- _Work instruction_:
An exact copy of the listing below is the answer, with the pictures removed.

- _Given information_:
_ _ _ _
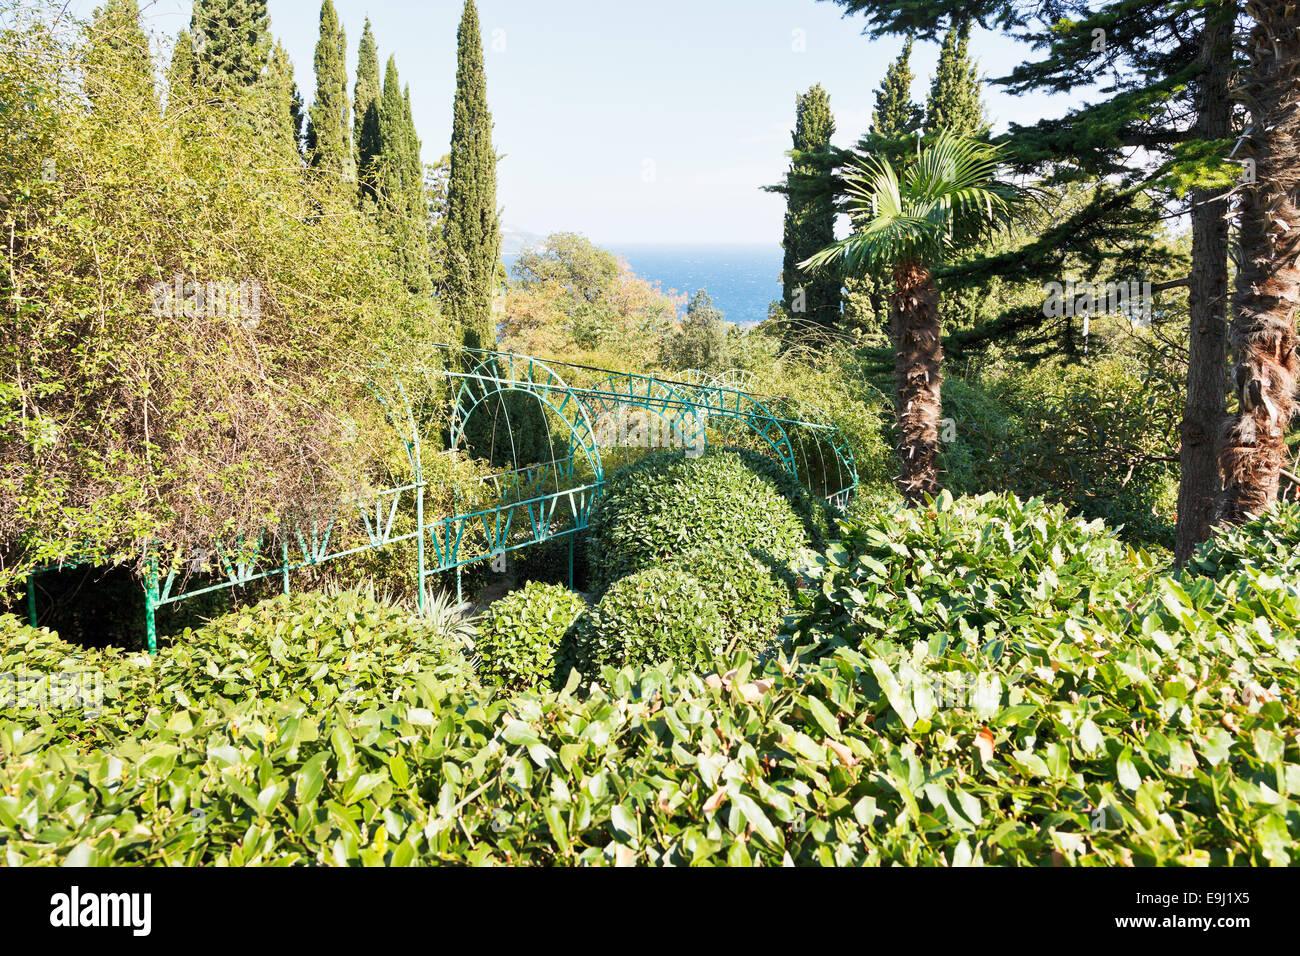 view of Livadiya garden on Southern Coast of Crimea and Black Sea - Stock Image
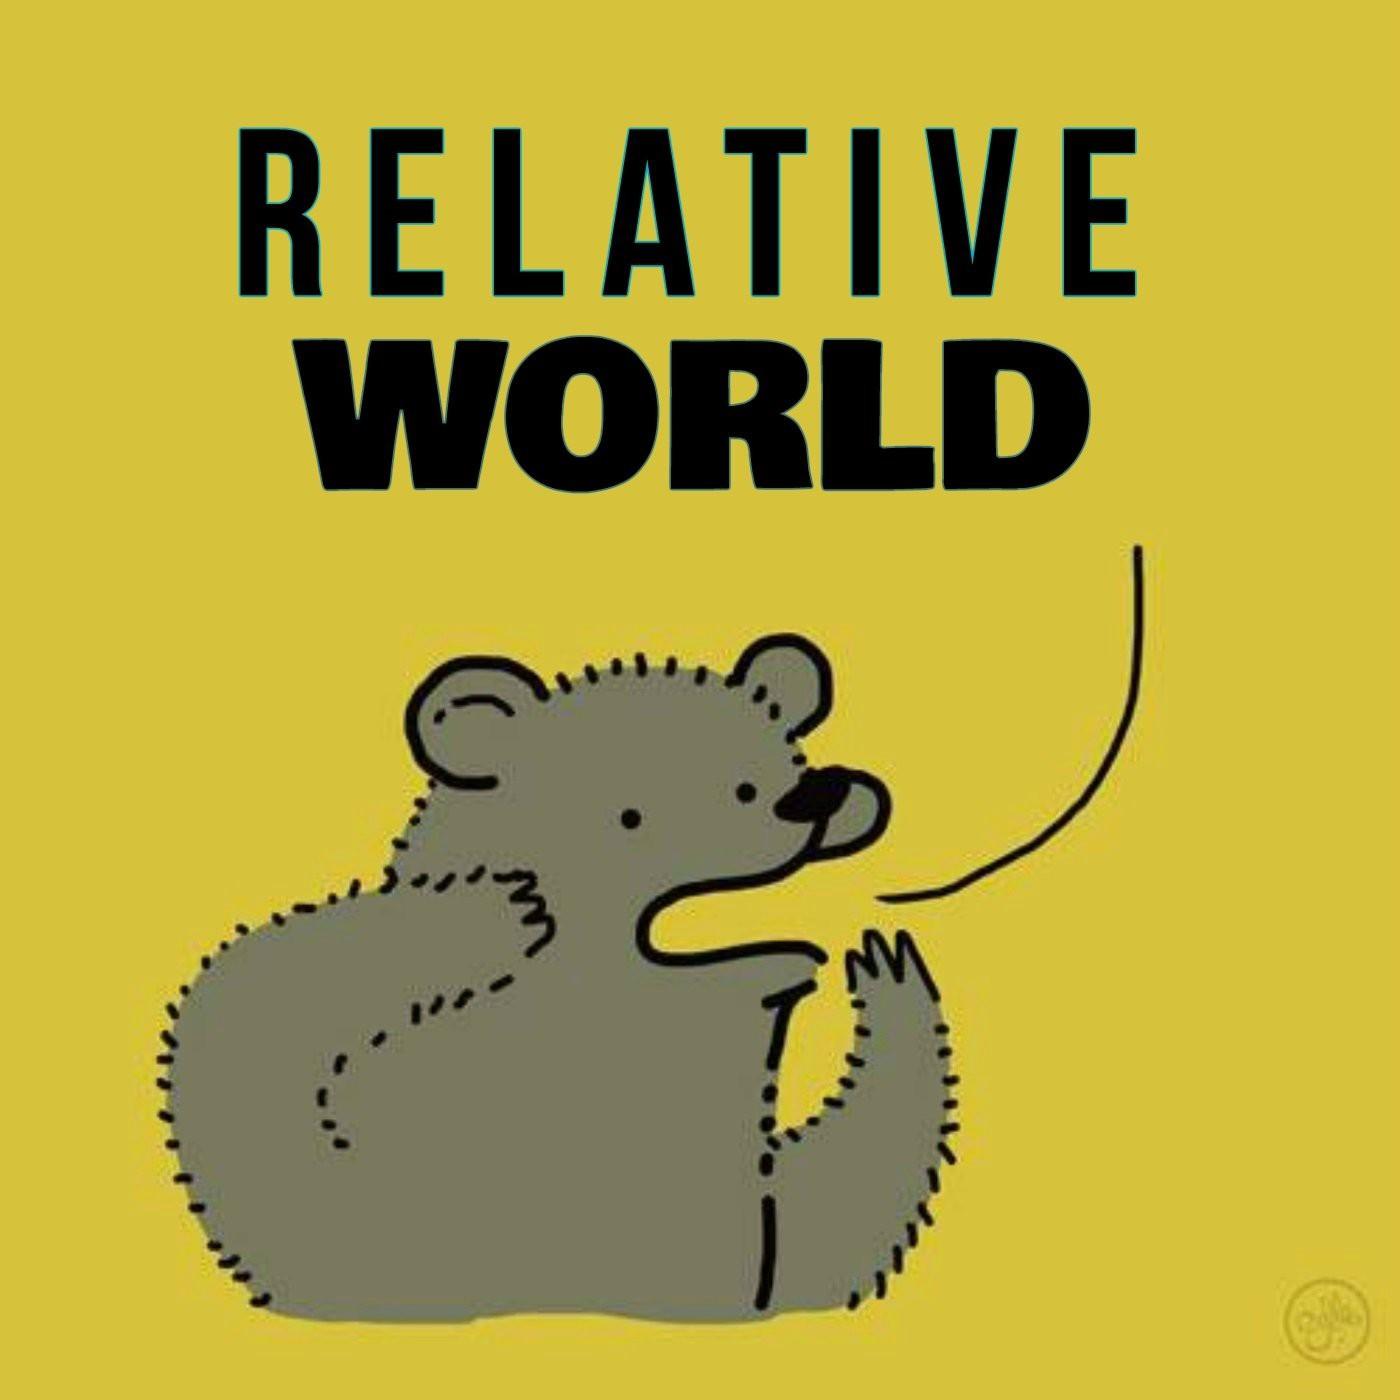 <![CDATA[RelativeWorld ]]>
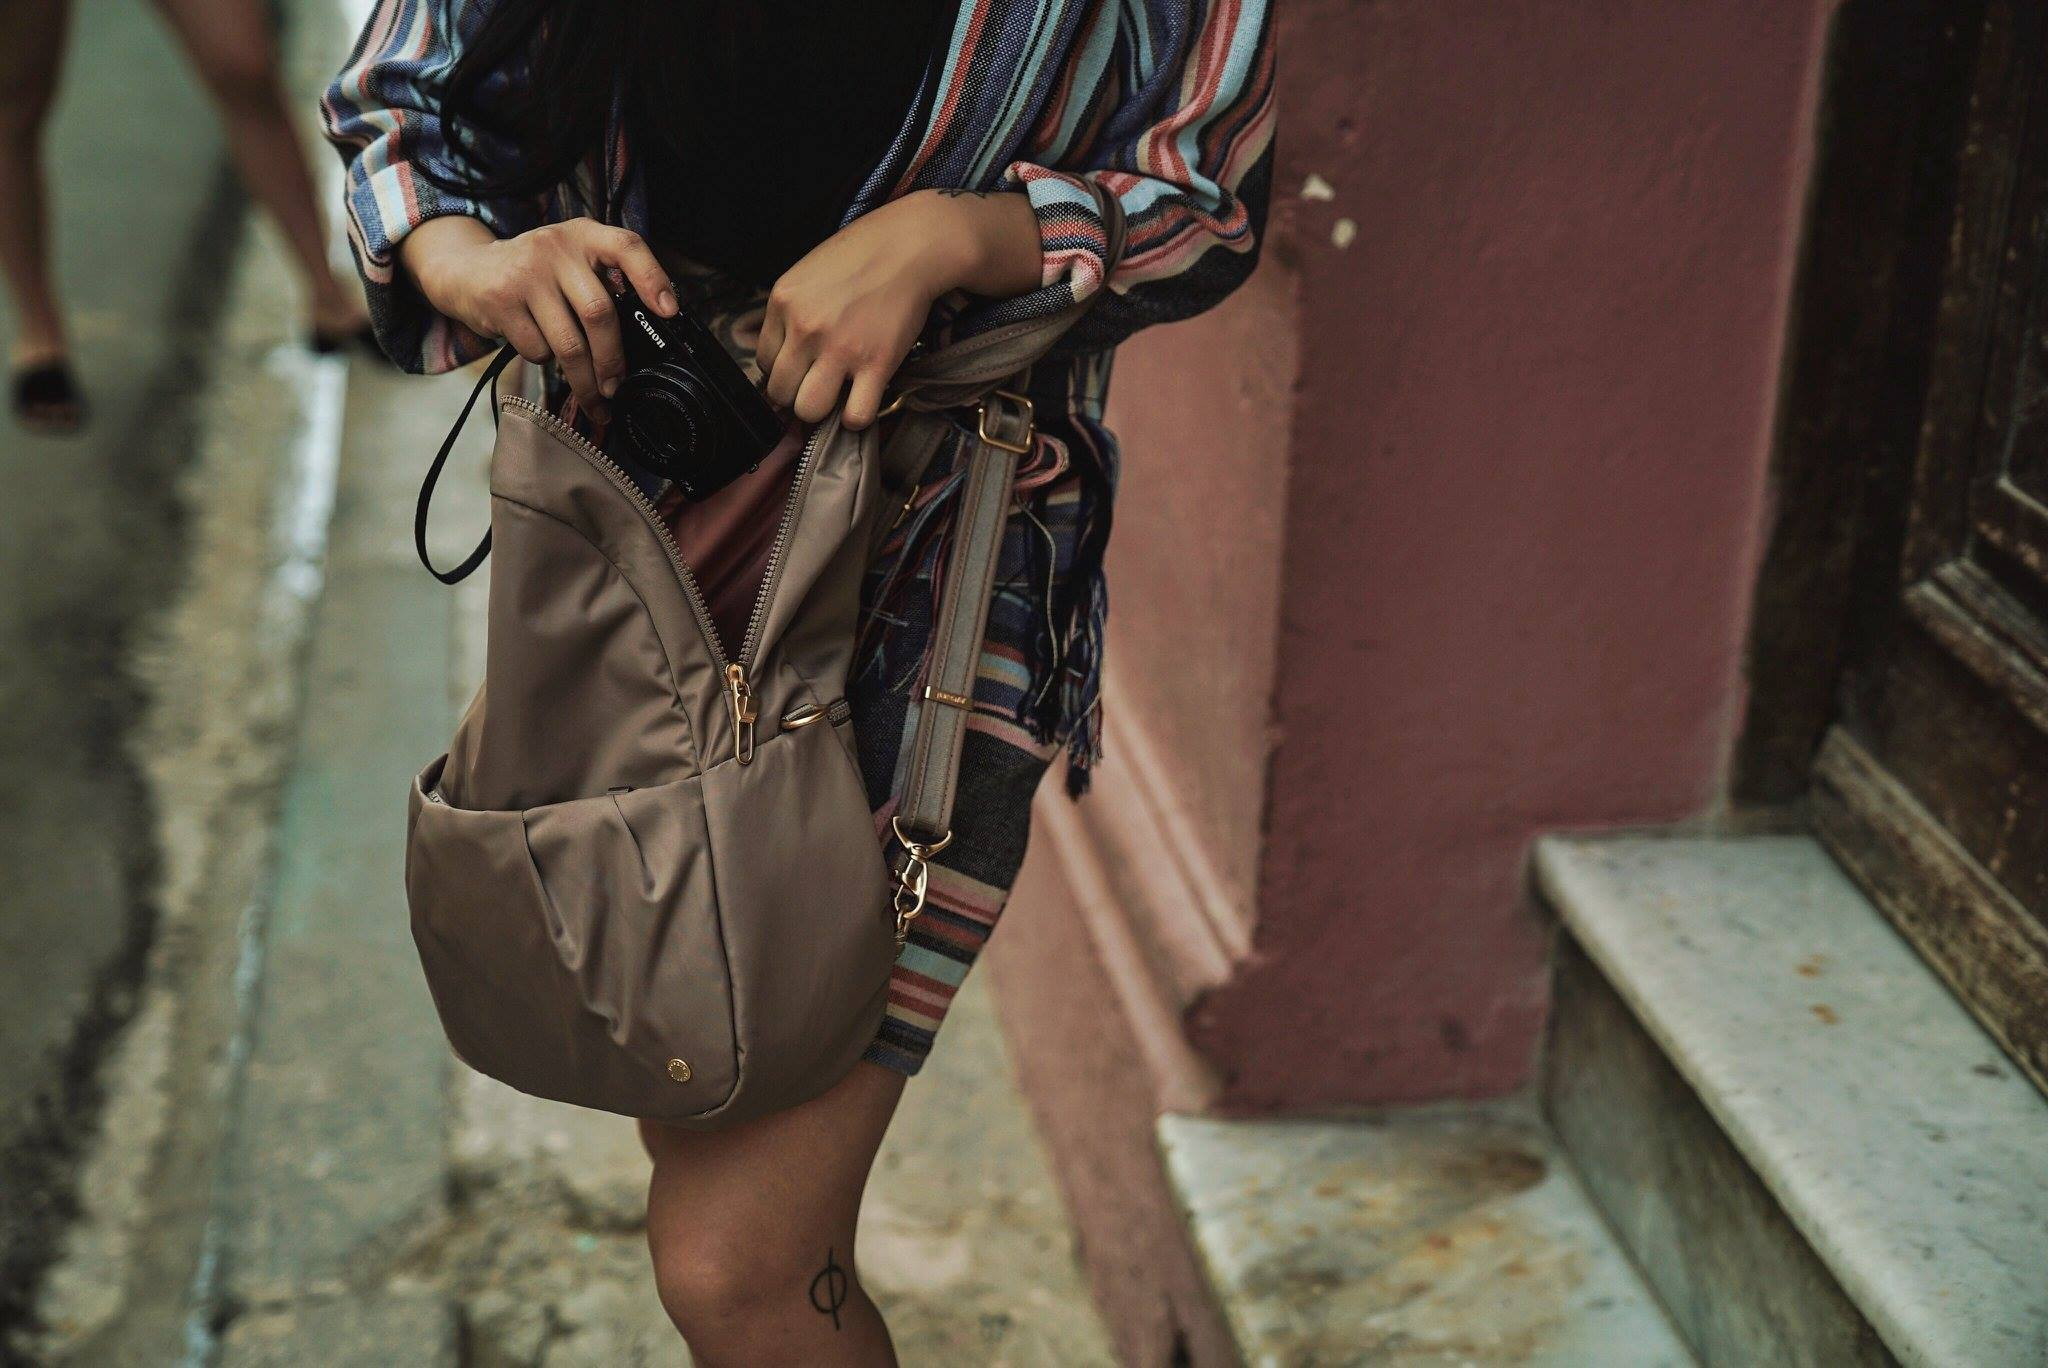 de802cfa3be6 Pacsafe® Citysafe CX Anti-Theft Convertible Backpack
_ _ _ _
- _Solution to the problem_:
 view of Livadiya garden on Southern Coast of Crimea and Black Sea - Stock Image
 <![CDATA[RelativeWorld ]]>
 de802cfa3be6 Pacsafe® Citysafe CX Anti-Theft Convertible Backpack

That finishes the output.